(July 4, 2020 at 10:21 am)GodBennett Wrote: Why did I (an atheist) legally change my name to "God"? (First Name: "God", Last Name: "Bennett")
3 concise points why are found in the PDF document below:
i) Long ago, "asthma was considered a sacred disease" related to divine punishment. Instead, today using modern science/understanding, we know asthma is a respiratory illness.
ii) Likewise, I produced a 2016 paper/thought experiment that redefined the old God concept, to a modern one: Anything of human level intelligence or greater.

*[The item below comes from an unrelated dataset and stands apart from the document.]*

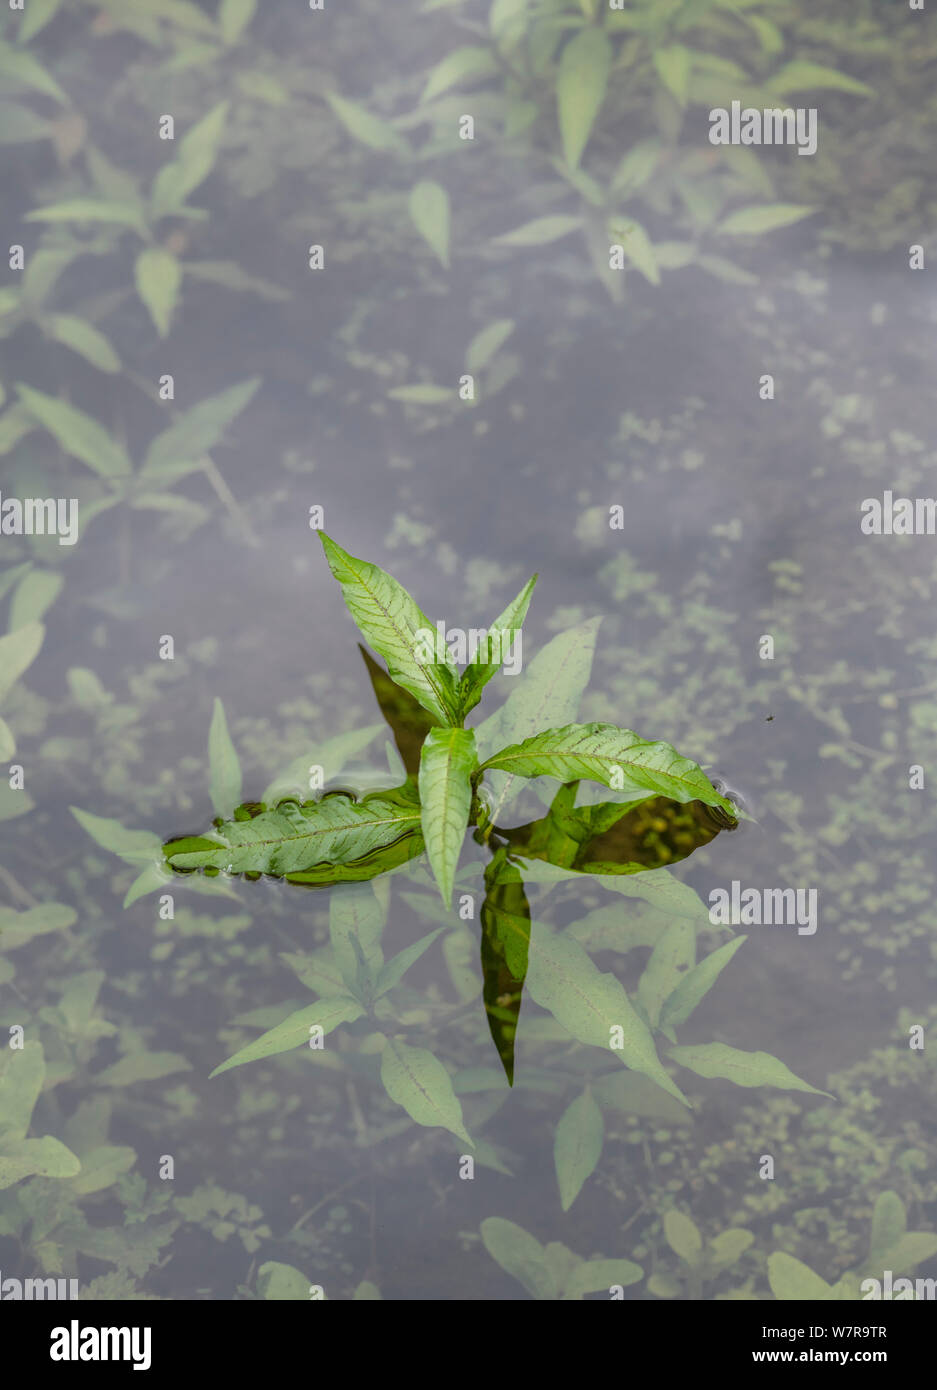 Foliage of Water Pepper / Polygonum hydropiper syn. Persicaria hydropiper submerged at river's edge. Once used as medicinal plant in herbal remedies. Stock Photo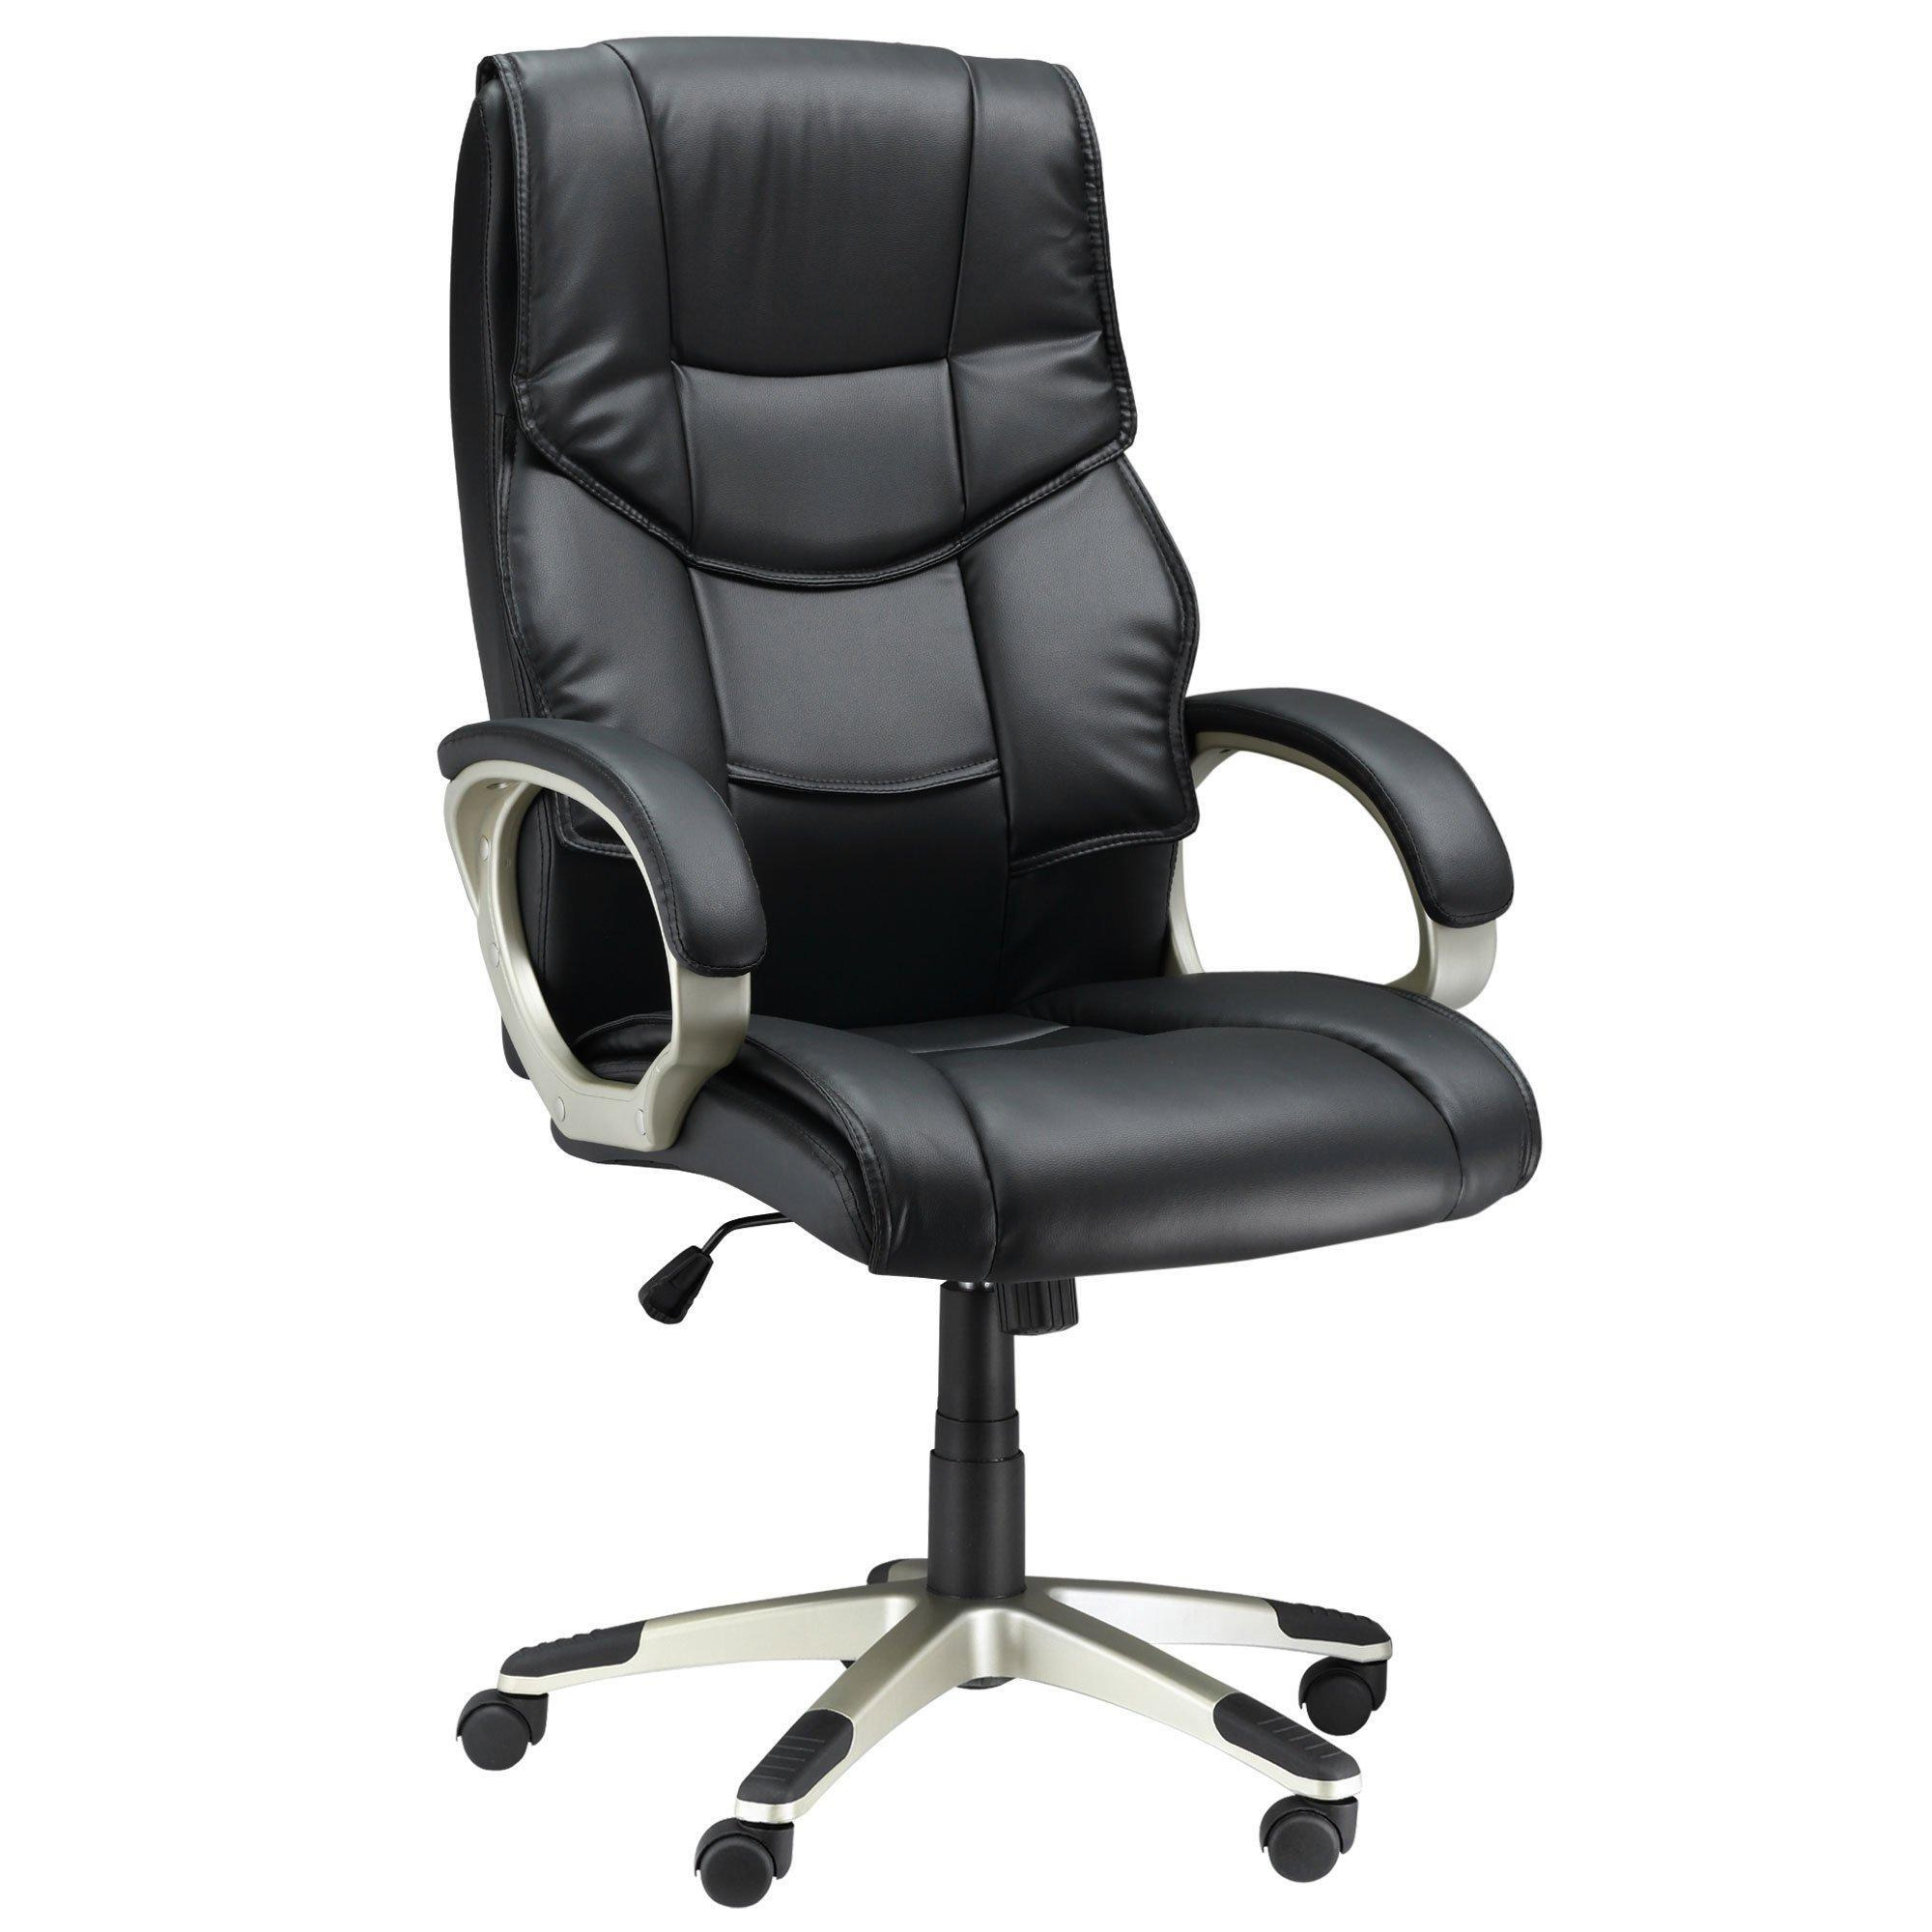 Executive Computer Office Desk Chair High Back Faux Leather - image 1

- Source: Any detailed timeline description of Asthma's History
Today there is no scientific evidence of any bible etc Gods/creators of our universe, but normal humans are actual candidates describable as Gods; we are using modern science to make software simulations of universes (eg Illustris), building artificial intelligence models plus we do many other cognitive tasks.
Notably, human level artificial intelligence or greater also falls under the redefinition above.
iii) So, I am human with somewhat average brain function, hence my new first name, "God". I think, objectively, "God" is a fitting name for any human without significant brain damage.
- Source by myself: "Research Gate/A scientific redefinition of God by an Atheist"
- Relevant Source by myself: Objective human purpose: "Research Gate/Why is the purpose of human life to create Artificial General Intelligence?"
- Relevant Source by myself: Quick thought on BibleGod vs Humans: "Research Gate/Animated Dirt; From Dirt to Artificial General Intelligence"
(July 5, 2020 at 6:01 am)Nomad Wrote:(July 4, 2020 at 4:17 pm)arewethereyet Wrote: I don't know who PGJ is but this one looked iffy to me.
He's a serial sockpuppet who lives to post his insane ramblings (think time cube levels) everywhere.
I think he's close to 20 accounts shut down here.
People like Jordan fascinate me. They sign on, rant and lose arguments, abuse and get abused until they get banned. Then, they go through all the trouble to sign on AGAIN and repeat the whole process.
It like the bloke who goes to a party and makes such a jackass of himself that he get forcibly ejected. But the party - where no one likes him - holds such fascination that he puts on his ‘Groucho nose and glasses’ and sneaks back in, hoping things will be different this time.